由此可以看出 OperatorState都保存在内存中，本质上还是一个ArrayList。

9.HeapKeyedStateBackend

 * @param <K> The key by which state is keyed.

 HeapKeyedStateBackend<K>

 /**

  * Map of state tables that stores all state of key/value states. We store it centrally so

  * that we can easily checkpoint/restore it.

  *

  * <p>The actual parameters of StateTable are {@code StateTable<NamespaceT, Map<KeyT, StateT>>}

  * but we can't put them here because different key/value states with different types and

  * namespace types share this central list of tables.

  */

 private final HashMap<String, StateTable<K, ?, ?>> stateTables = new HashMap<>();

 <N, V> InternalValueState<N, V> createValueState(

       TypeSerializer<N> namespaceSerializer,

       ValueStateDescriptor<V> stateDesc){

    StateTable<K, N, V> stateTable = tryRegisterStateTable(namespaceSerializer, stateDesc);

    return new HeapValueState<>(stateDesc, stateTable, keySerializer, namespaceSerializer);

 }

 <N, T> InternalListState<N, T> createListState(

       TypeSerializer<N> namespaceSerializer,

       ListStateDescriptor<T> stateDesc)

       new HeapListState<>

 <N, T> InternalReducingState<N, T> createReducingState(

       TypeSerializer<N> namespaceSerializer,

       ReducingStateDescriptor<T> stateDesc)

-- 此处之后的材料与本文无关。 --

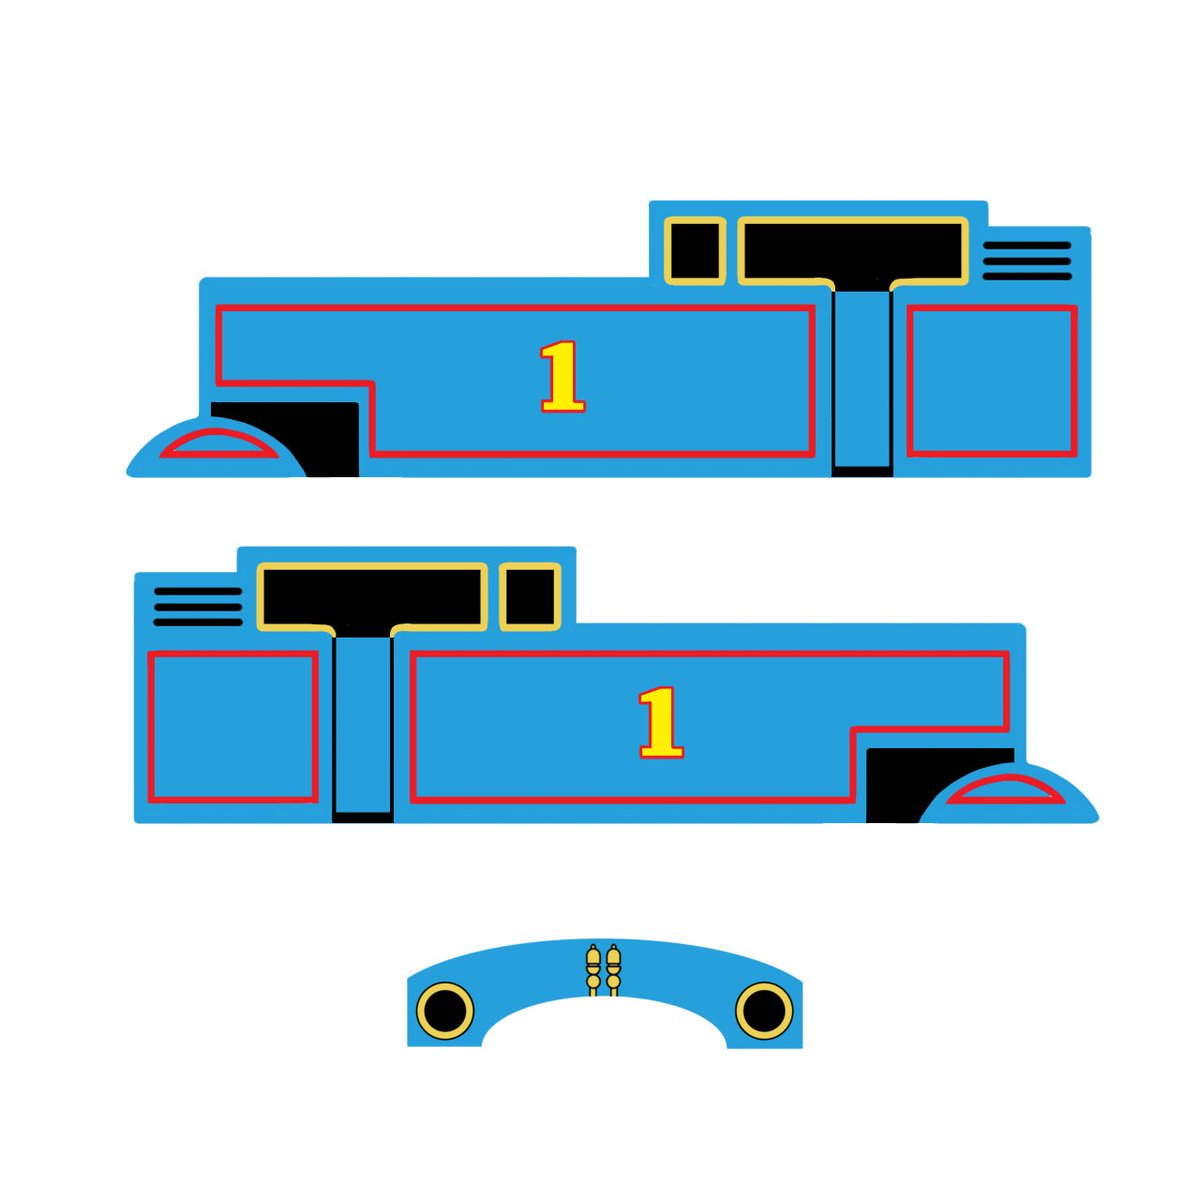 thomas trackmaster 2 decals pack?? 🙀‼️

more decals: drive.google.com/drive/folders/…

       new HeapReducingState<>

 <N, T, ACC, R> InternalAggregatingState<N, T, R> createAggregatingState(

       TypeSerializer<N> namespaceSerializer,

       AggregatingStateDescriptor<T, ACC, R> stateDesc)

       new HeapAggregatingState<>

 <N, T, ACC> InternalFoldingState<N, T, ACC> createFoldingState(

       TypeSerializer<N> namespaceSerializer,

       FoldingStateDescriptor<T, ACC> stateDesc)

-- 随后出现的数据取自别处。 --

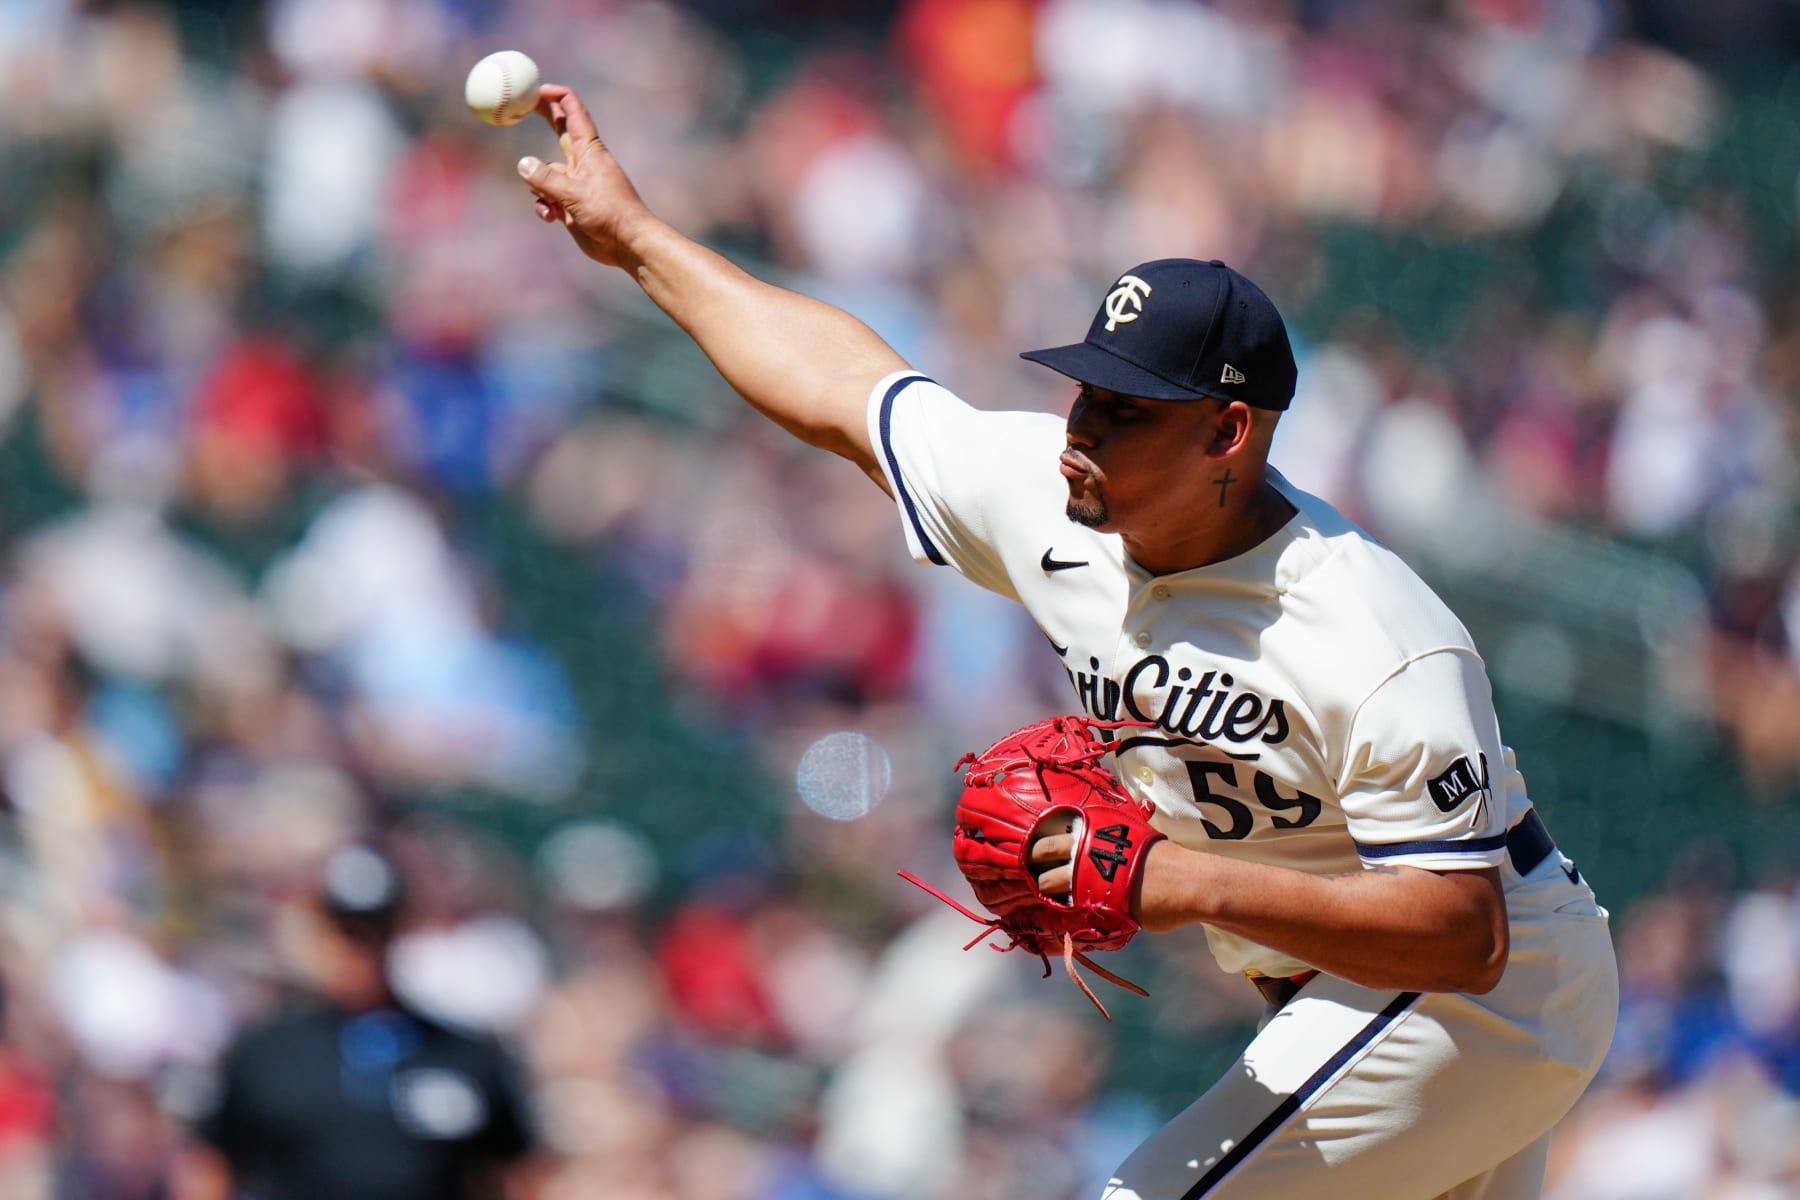 Minnesota Twins' Jhoan Duran Goes Viral After Warm-Up Pitch on

       new HeapFoldingState<>

 <N, UK, UV> InternalMapState<N, UK, UV> createMapState(TypeSerializer<N> namespaceSerializer,

       MapStateDescriptor<UK, UV> stateDesc)

       new HeapMapState<>

 RunnableFuture<KeyedStateHandle> snapshot(

       final long checkpointId,

       final long timestamp,

       final CheckpointStreamFactory streamFactory,

       CheckpointOptions checkpointOptions)

 ……

 if (!hasRegisteredState()) {

    return DoneFuture.nullValue();

 }

 ……

这里也类似，几个create方法也都提供了在用户编程中可以调用的接口，分别返回对应类型的State。snapshotState也是对AbstractStreamOperator中调用的具体实现。

四、通道

所谓通道，也就是通过用户编程，如何使得用户使用的State和上面的DefaultOperatorStateBackend和HeapKeyedStateBackend发生关联。用户编程中首先面对的就是StreamingRuntimeContext这个类。

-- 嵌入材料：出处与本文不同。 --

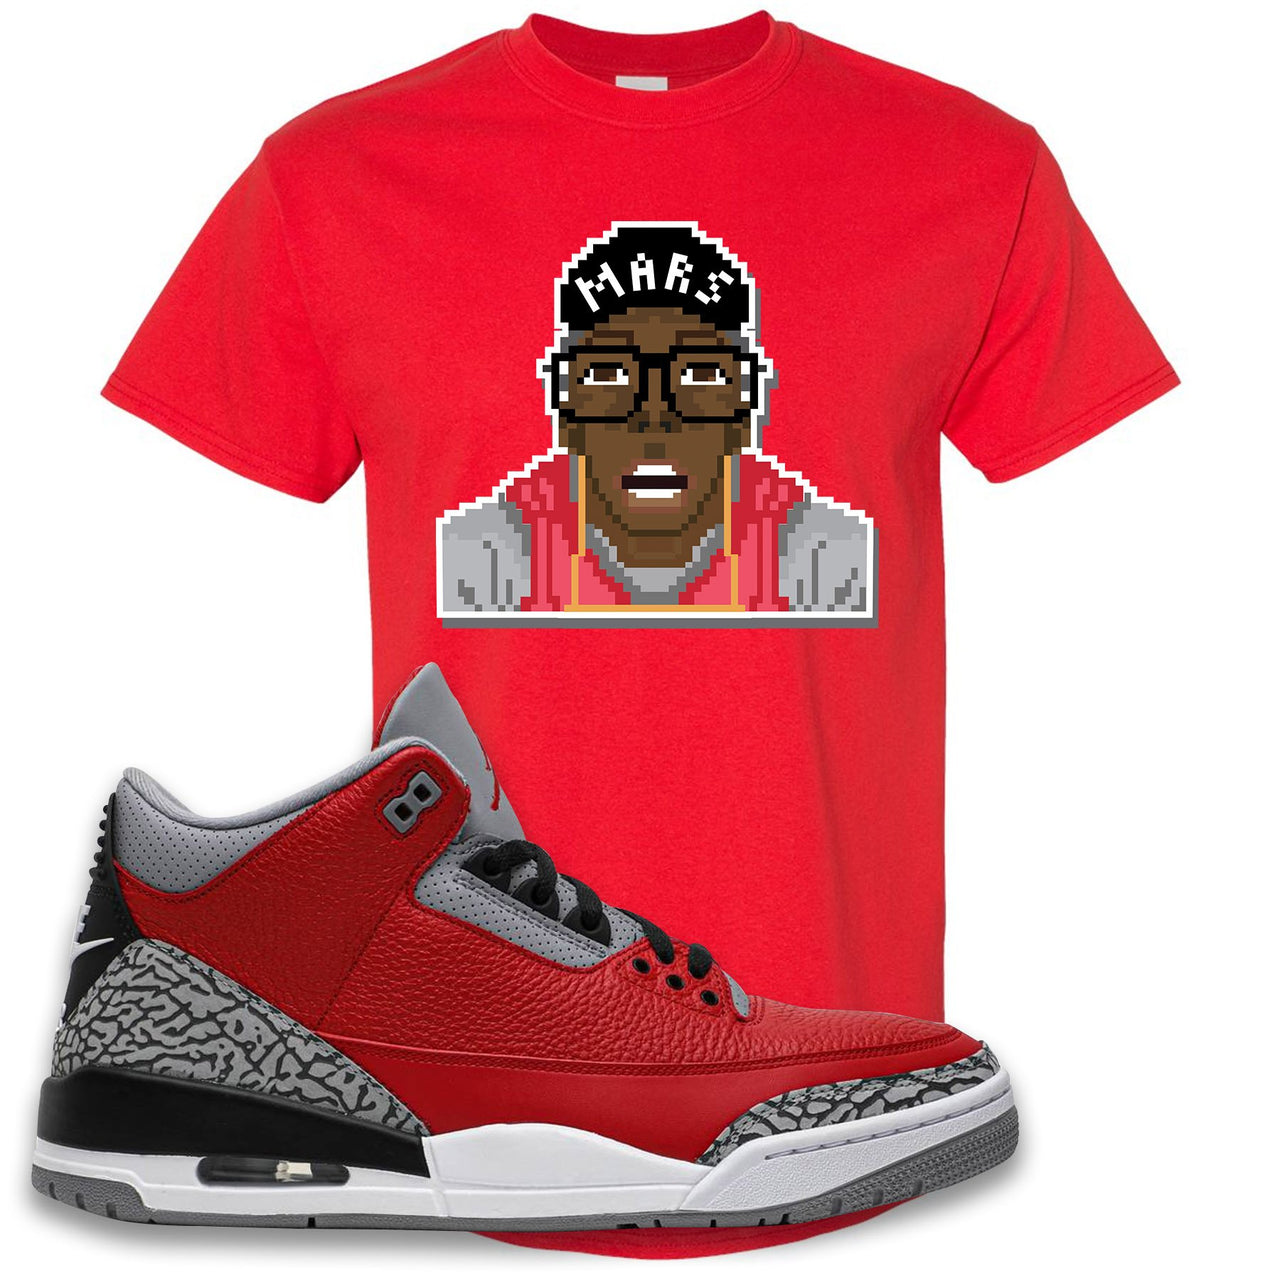 Jordan 3 Red Cement Chicago All-Star Sneaker True Red T Shirt | Tees to match Jordan 3 All Star Red Cement Shoes | Mars Pixel

10.StreamingRuntimeContext

 StreamingRuntimeContext

 public <T> ValueState<T> getState(ValueStateDescriptor<T> stateProperties) {

    KeyedStateStore keyedStateStore = checkPreconditionsAndGetKeyedStateStore(stateProperties);

    stateProperties.initializeSerializerUnlessSet(getExecutionConfig());

    return keyedStateStore.getState(stateProperties);

 }

这里只截取了getState的方法，其他类型的State的方法类似，这里也很简单，就是看看是否能拿到KeyedStateStore，然后用其去生成State。

11.PerWindowStateStore

 PerWindowStateStore

 @Override

 public <T> ListState<T> getListState(ListStateDescriptor<T> stateProperties) {

    try {

       return WindowOperator.this.getPartitionedState(window, windowSerializer, stateProperties);

    } catch (Exception e) {

       throw new RuntimeException("Could not retrieve state", e);

    }

 }

PerWindowStateStore是KeyedStateStore的一个子类，具体实现了如何去拿。其中的getPartitionedState最终还是调到了AbstractStreamOperator。

12.AbstractStreamOperator

 AbstractStreamOperator

 protected <S extends State, N> S getPartitionedState(

       N namespace,

       TypeSerializer<N> namespaceSerializer,

       StateDescriptor<S, ?> stateDescriptor) throws Exception {

    /*

     TODO: NOTE: This method does a lot of work caching / retrieving states just to update the namespace.

     This method should be removed for the sake of namespaces being lazily fetched from the keyed

     state backend, or being set on the state directly.

     */

    if (keyedStateStore != null) {

       return keyedStateBackend.getPartitionedState(namespace, namespaceSerializer, stateDescriptor);

    } else {

       throw new RuntimeException("Cannot create partitioned state. The keyed state " +

          "backend has not been set. This indicates that the operator is not " +

          "partitioned/keyed.");

    }

 }

这里也就是一个二传手的作用，还是调回了keyedStateBackend的方法。

13.AbstractKeyedStateBackend

 AbstractKeyedStateBackend

 <N, S extends State> S getPartitionedState(

       final N namespace,

       final TypeSerializer<N> namespaceSerializer,

       final StateDescriptor<S, ?> stateDescriptor)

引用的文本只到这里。